Two developments have already seen good take-up. Alexis near Queenstown MRT was launched last Thursday and within three days, sold all of its 293 units at an average price of $850 to $1,150 psf. Over in Jurong West, the Caspian condominium has sold 470 out of 712 units at an average of $600 psf.
This means that the sales volume for this month is likely to reach 1,000 units if developers continue to offer the “right product at the right price”, said Colliers International’s research and advisory director, Tay Huey Ying. That would be “a level not seen since August 2007 when developers sold some 1,723 new units”, she said.
“More developers may be encouraged to ride on this buying wave and launch their projects in the second half of the month,”Ms Tay added.
Pricing, however, will be an influential factor. Jones Lang LaSalle’s research head in South-east Asia, Dr Chua Yang Liang, said projects that enjoyed stronger demand in January could have been given a boost by the easing of median prices.

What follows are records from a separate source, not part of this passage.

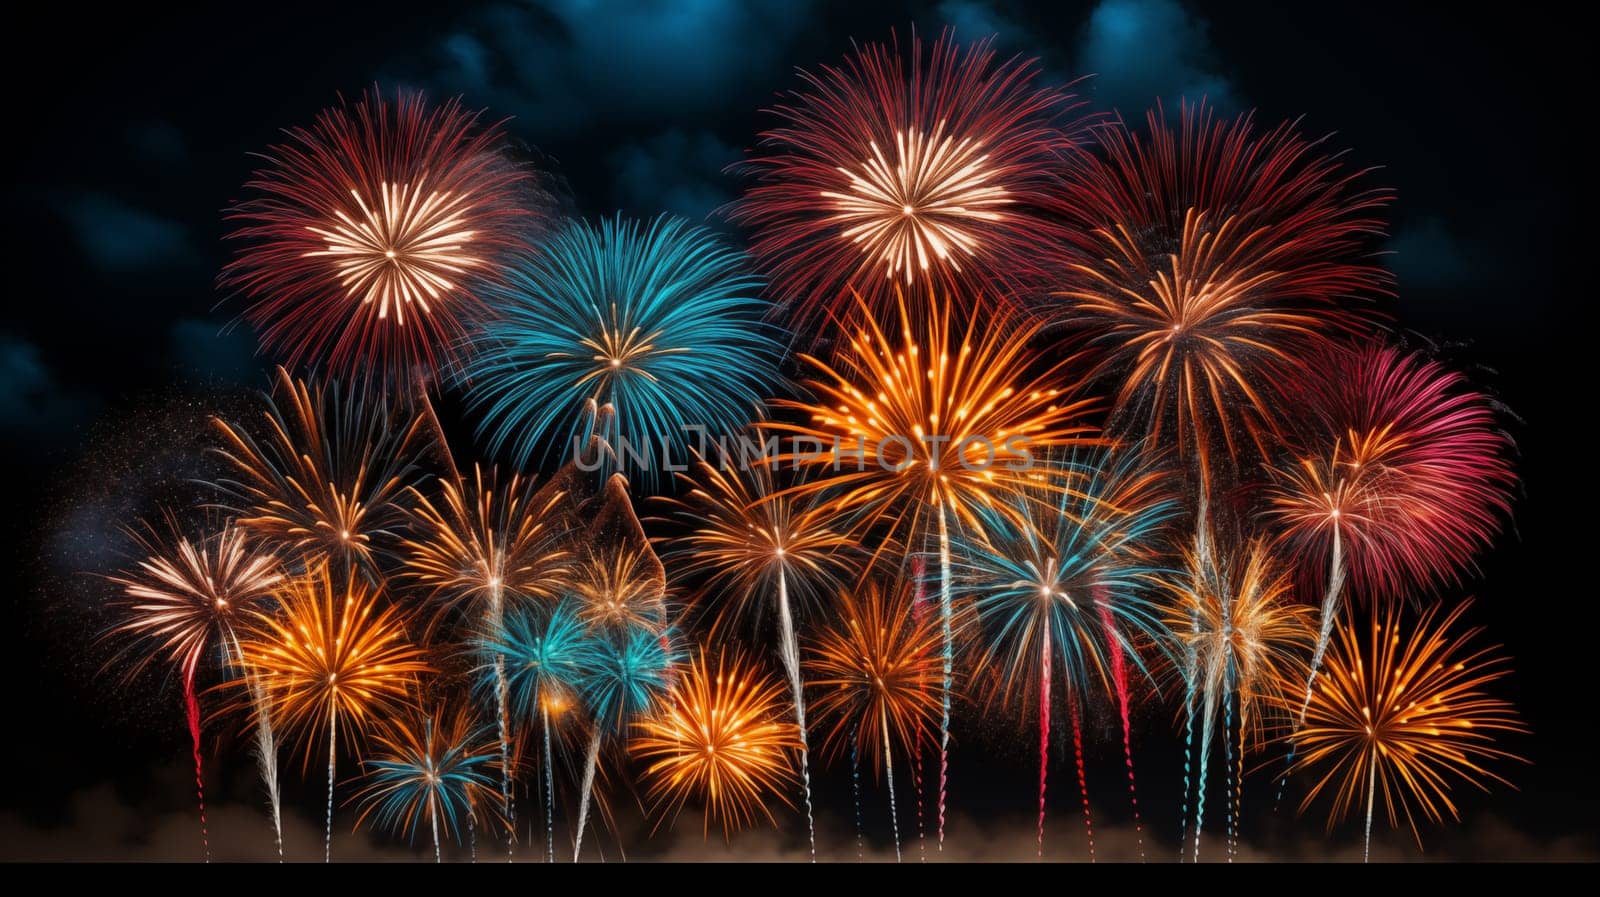 A stunning burst of multicolored fireworks light up the dark sky, by Zakharova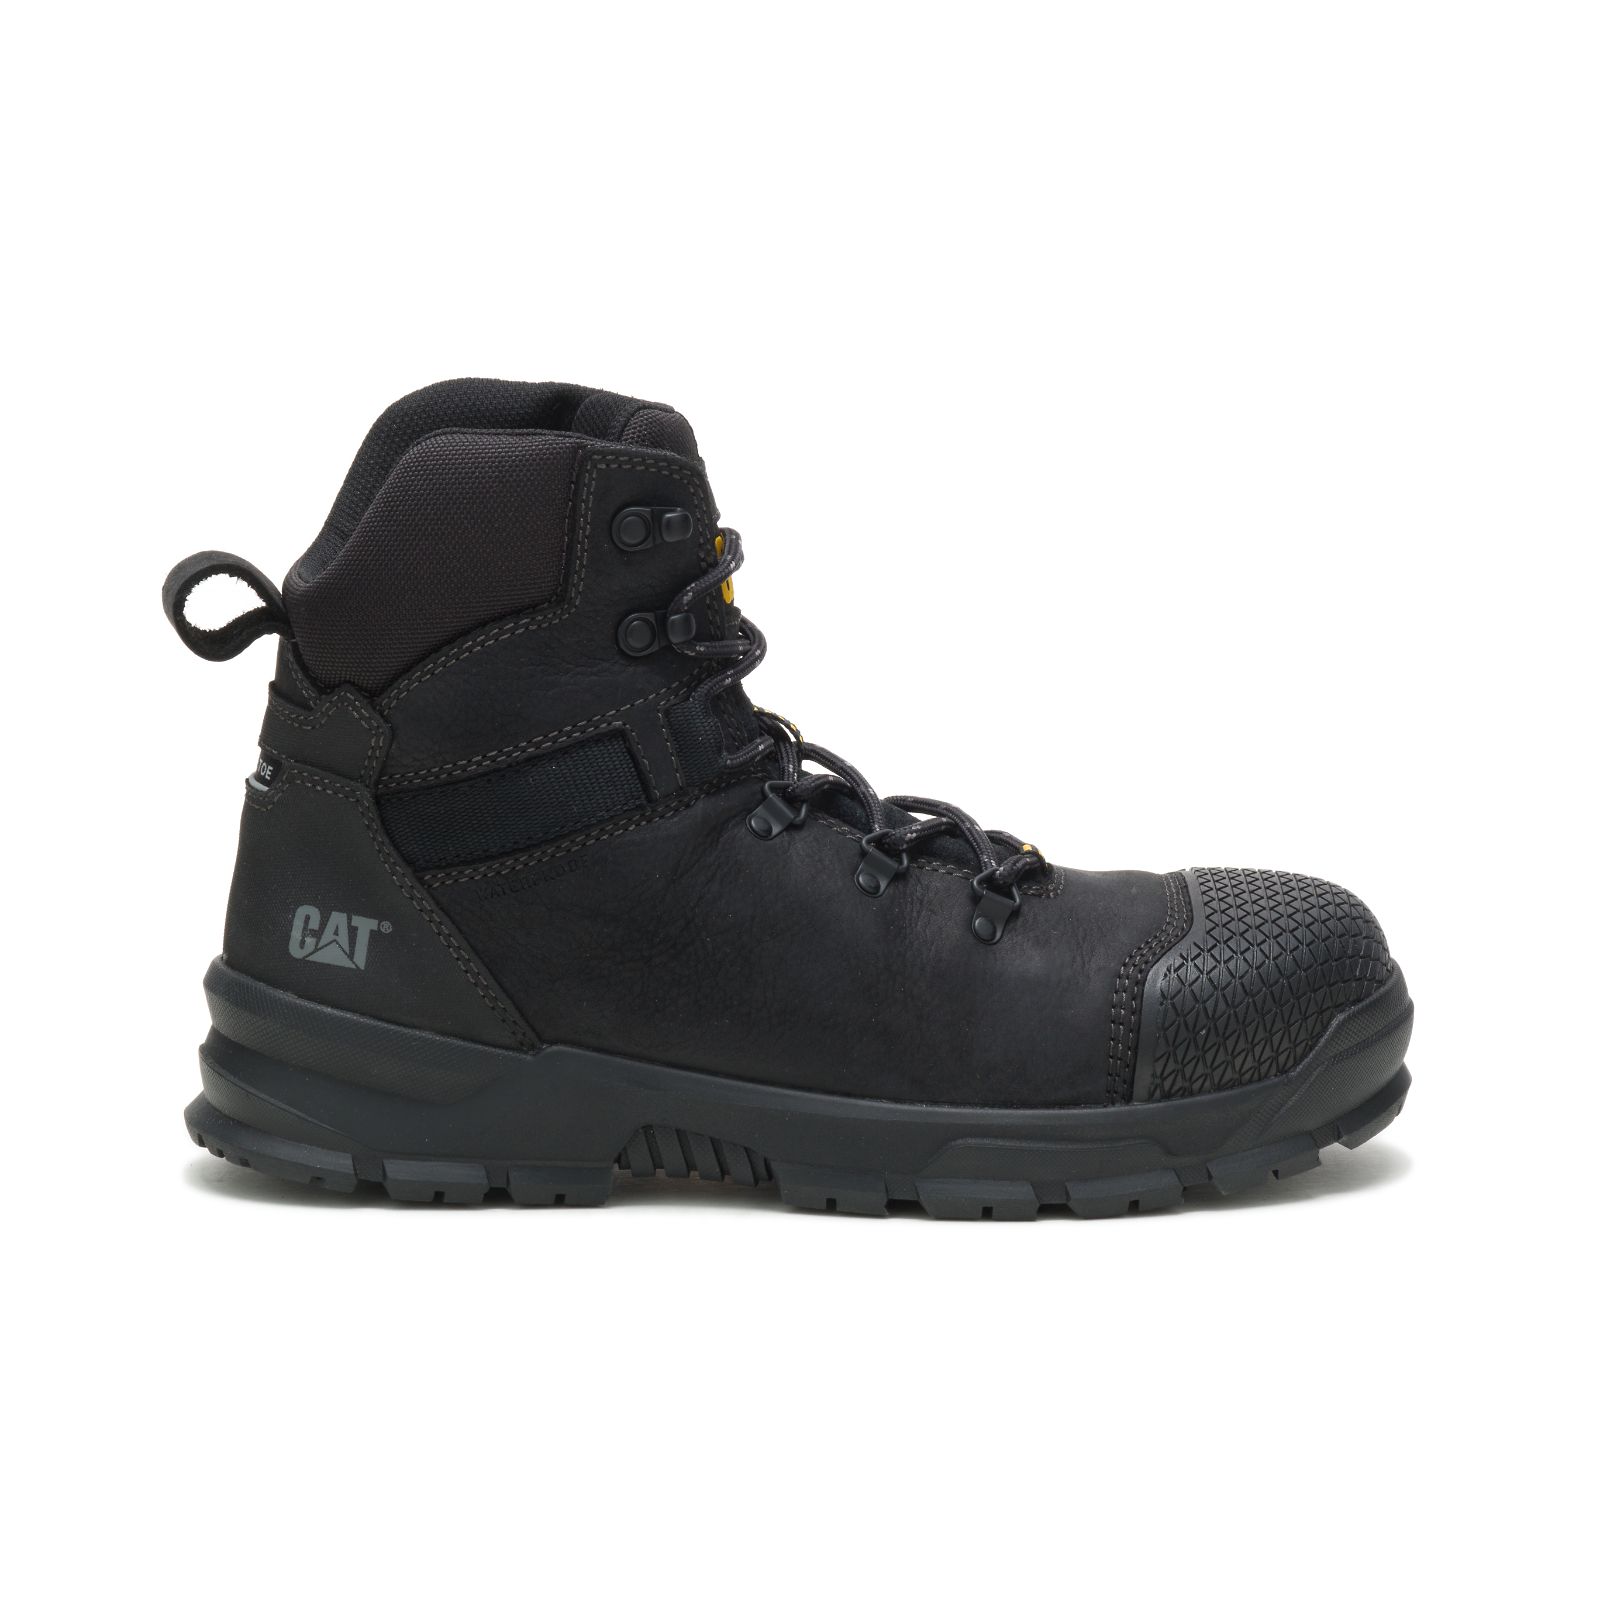 Caterpillar Accomplice X Waterproof Steel Toe Philippines - Mens Work Boots - Black 10465OXEF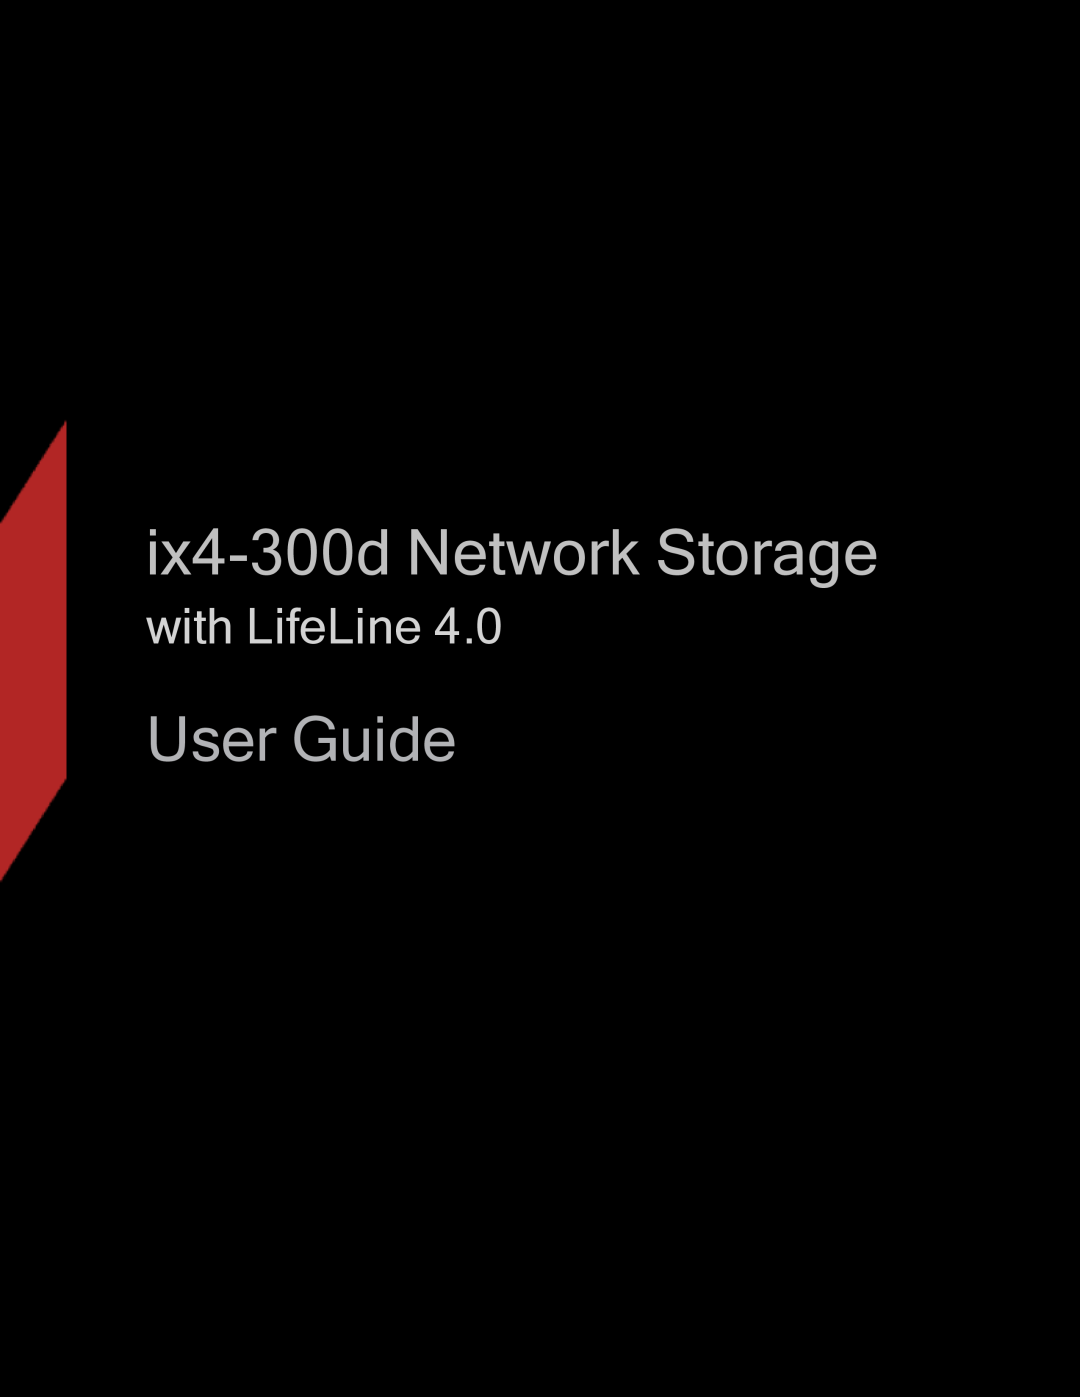 Lenovo 70B89001NA, 70B89003NA, 70B89000NA manual ix4-300d Network Storage, User Guide, with LifeLine

For example, Aristo @ Amber in the Katong area sold at $990 psf last month - down 1.2 per cent from $1,002 in December. Nova 88's median pricing also softened 4.2 per cent from $988 to $947 psf. Both enjoyed good sales. At The Aristo @ Amber, all 10 units launched last month sold out and another four unsold units from previous months were also taken up, while Nova 88 in the Balestier area sold 16 units out of the 40 units launched.
“There is no doubt that there is an economic downturn but despite this, projects like Caspian and Alexis are faring well in the subdued market, showing that there is cash out there,” said Mr Donald Han, managing director of consultancy Cushman and Wakefield.